Later zouden we ze nog boven op de Taaienberg en Kruisberg en in de afdaling van de Kanarieberg tegen komen. VDH Junior zagen we enkel op de Kruisberg waar hij met appelcake op ons stond te wachten. Bart was immers zijn rijsttaartjes vergeten en stuurde VDH erom naar de bakker. Jammer maar helaas waren deze uitverkocht en appelcake zou immers troost brengen. Tussendoor werd er geregeld is gepolst naar de benen maar bleek ieder op een ander moment wel eens een moeilijk moment te kennen. Er werd gevloekt op de steile tussenstukken maar stilaan kwamen we in de zone van de waarheid. Eén ding viel wel op: elke helling werd gestart in dezelfde volgorde, Bart, Bjorn en Rutger en bijna elke beklimming had hetzelfde verloop. Bart liep wat uit op Bjorn. Bjorn vergrootte zijn voorsprong op Rutger maar tegen het einde van de klim kwam Rutger terug tot bij Bjorn en bleef de startvolgorde ook de eindvolgorde.
De Koppenberg kwam eraan. Bart vroeg voorzichtig of we niet de omleiding zouden volgen eens het te druk bleek. Er werd al snel besloten: “Als we hem doen dan doen we het goed”. Er was warempel niet al teveel volk. Dus begonnen we eraan in de vast volgorde van elke klim. Op het steilste stuk bleek er toch wat meer volk SRRS zijn voorbeeld te volgen en parkeerden ze gezwind. Zonder parkeerstrook of parkeerwachters is dit vragen om problemen. Toen gebeurde het…Voor Bart viel iemand en week Bart mee naar links. Gevolg: voet aan grond maar wel plaats gemaakt voor Bjorn die langs rechts voorbij kon en zonder veel verder problemen (slalom) tot boven voort kon. Achter hem moest ook Rutger uit de pedalen door een minder begaafd klimmer die hem de weg versperde. Boven werd even op elkaar gewacht en verhaal gehaald. En wederom: weg waren ze.

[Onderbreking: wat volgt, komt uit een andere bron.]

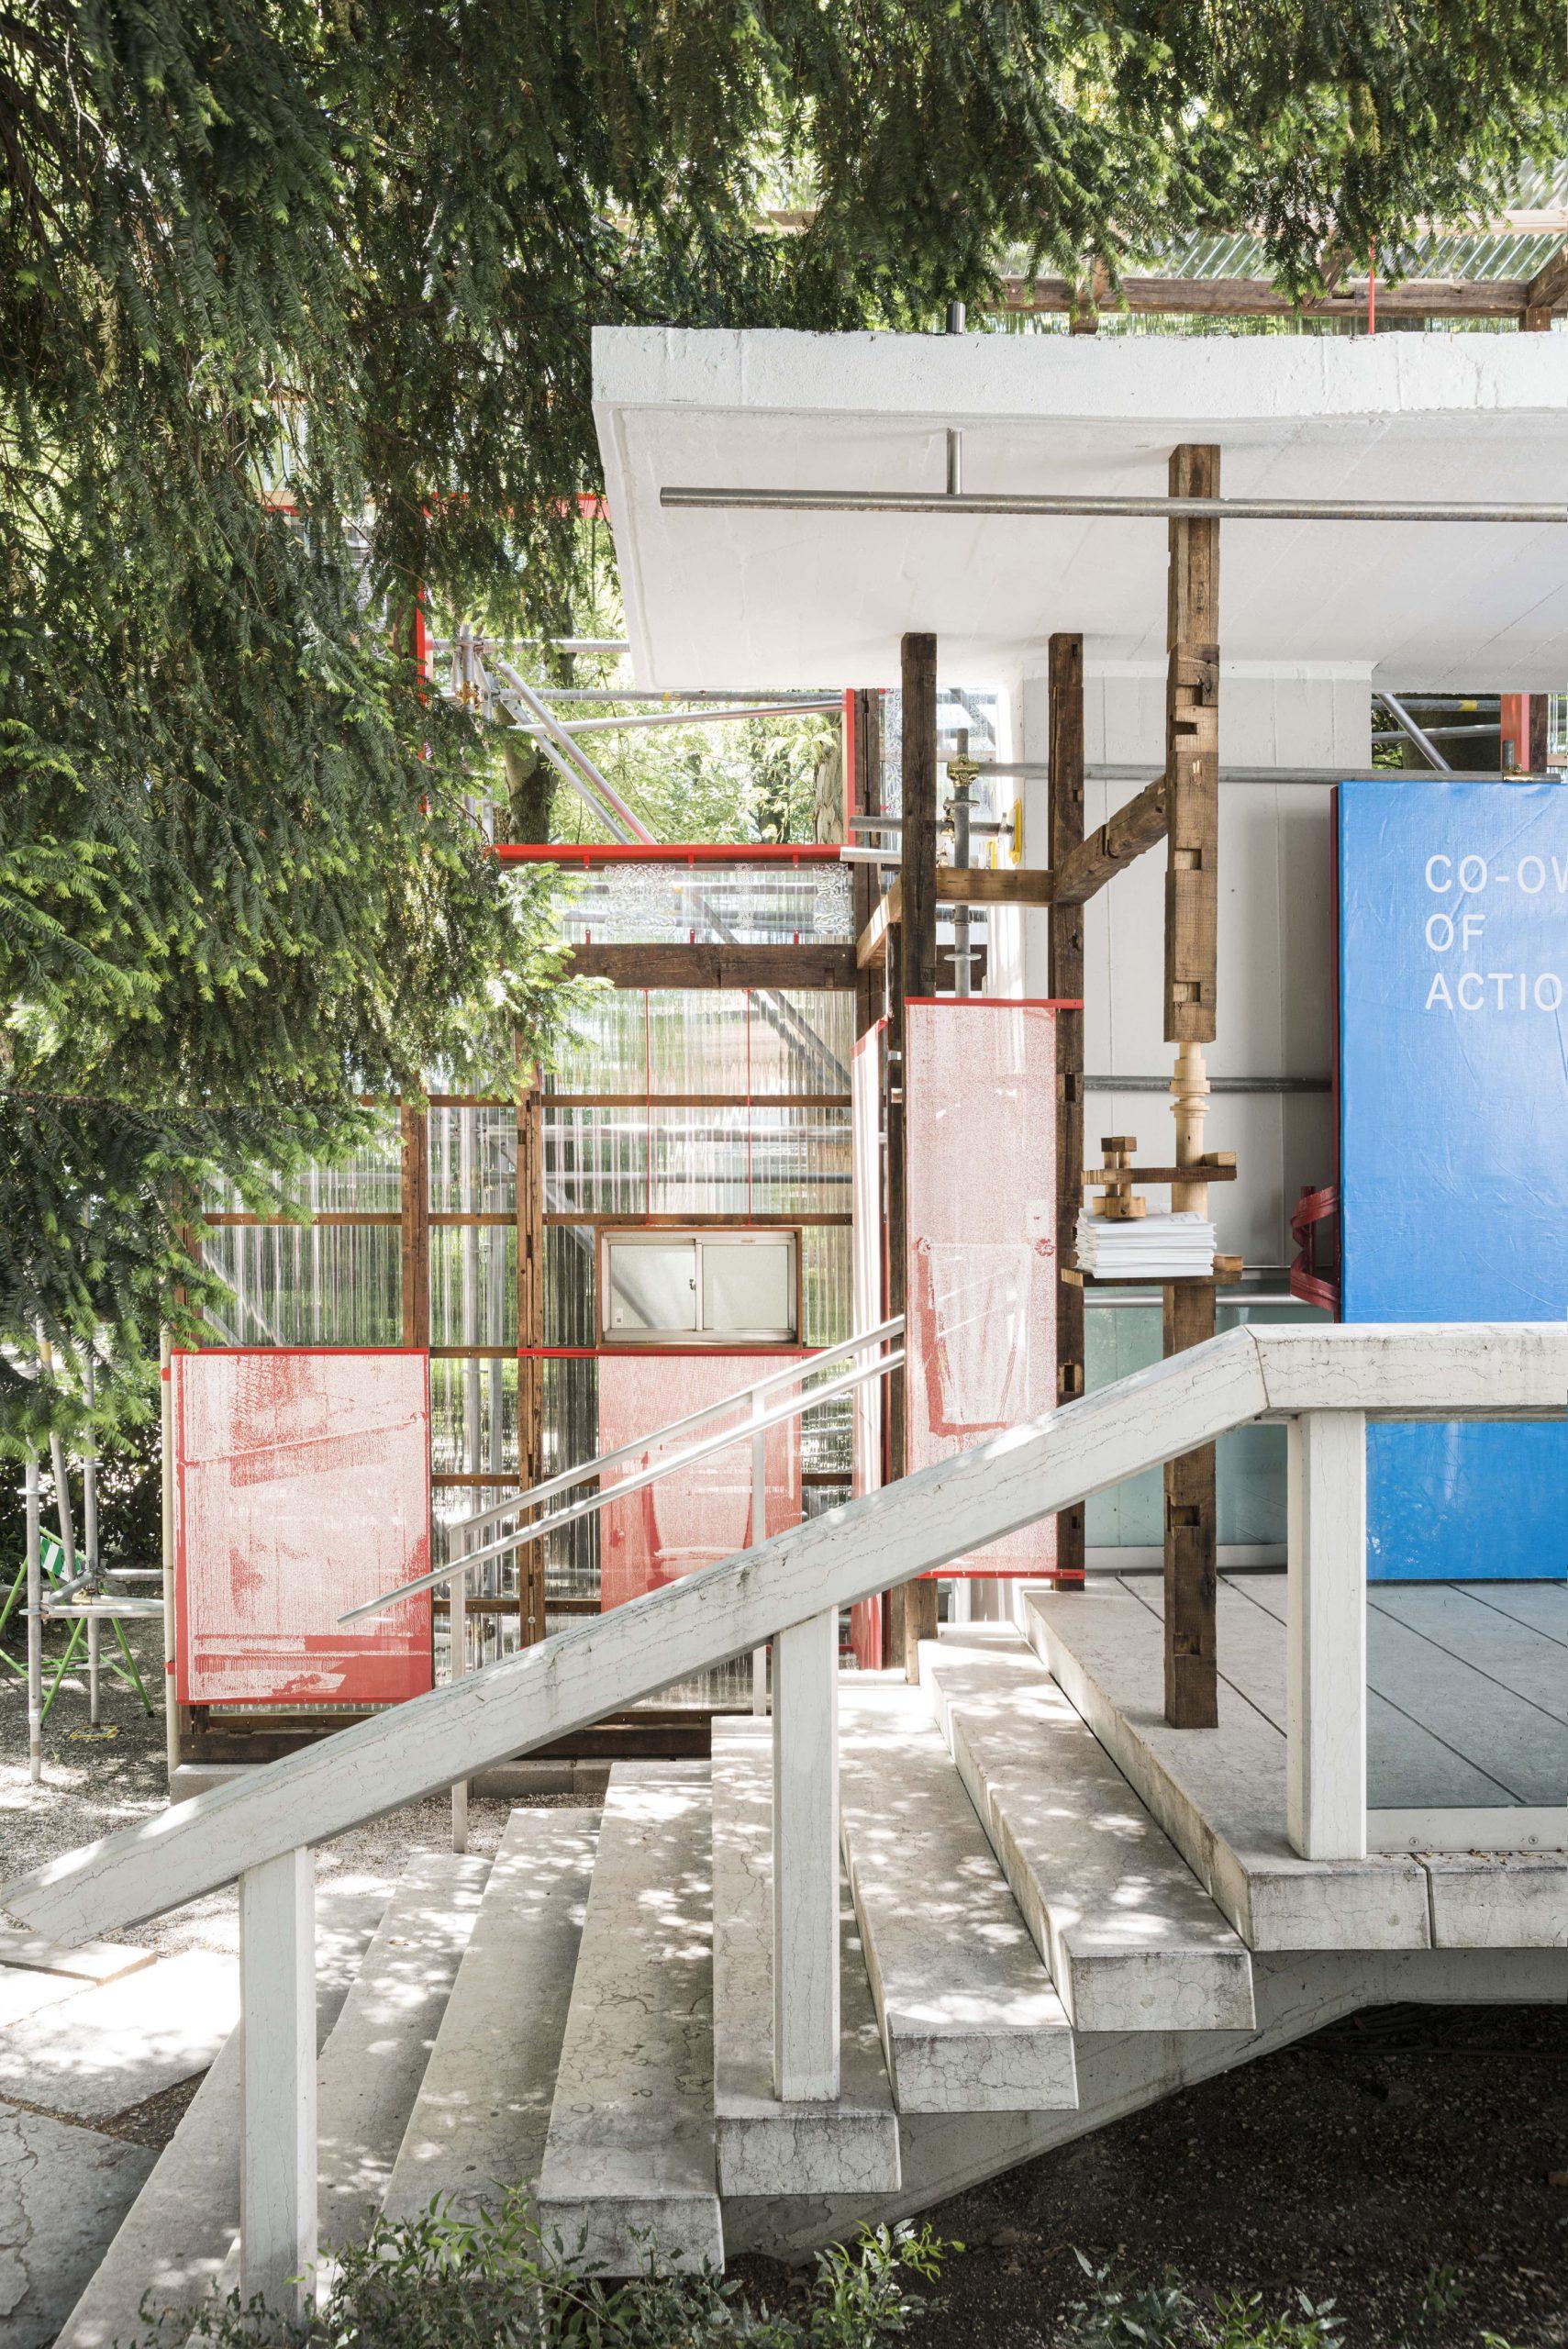 Entrance to Japan Pavilion at the Venice Architecture Biennale

De andere hellingen en stroken werden uiteraard weer in dezelfde volgorde genomen en steeds met de kleine reserve uit voorzichtigheid. Dan moest het 2-luik Kwaremont/Paterberg nog komen. Na de Karnemelkbeekstraat werd vlug nog wat druivensuiker/gellekes/nougat/winegums en sportdrank naar binnen gewerkt. De energie was stilaan uit de benen en wat extra zou zeker geen kwaad kunnen. De Oude Kwaremont werd zonder veel problemen afgewerkt en dus vertrokken we met een ei in de broek richting de laatste helling. Voor de 3 Flandriens in wording was het uur van de waarheid aangebroken en doemde de laatste zware beproeving van de dag op. Iedereen kroop zoals Van Marcke omhoog. Maar eens boven voelden we ons alle 3 Sagan. Even op elkaar wachten. Effe drinken en weg waren we richting Oudenaarde. Er werd eens naar elkaar gelachen. Maar alle drie (zeker ikzelf) waren we even in onszelf gekeerd. We reden hier godverdomme de RVV2016 uit!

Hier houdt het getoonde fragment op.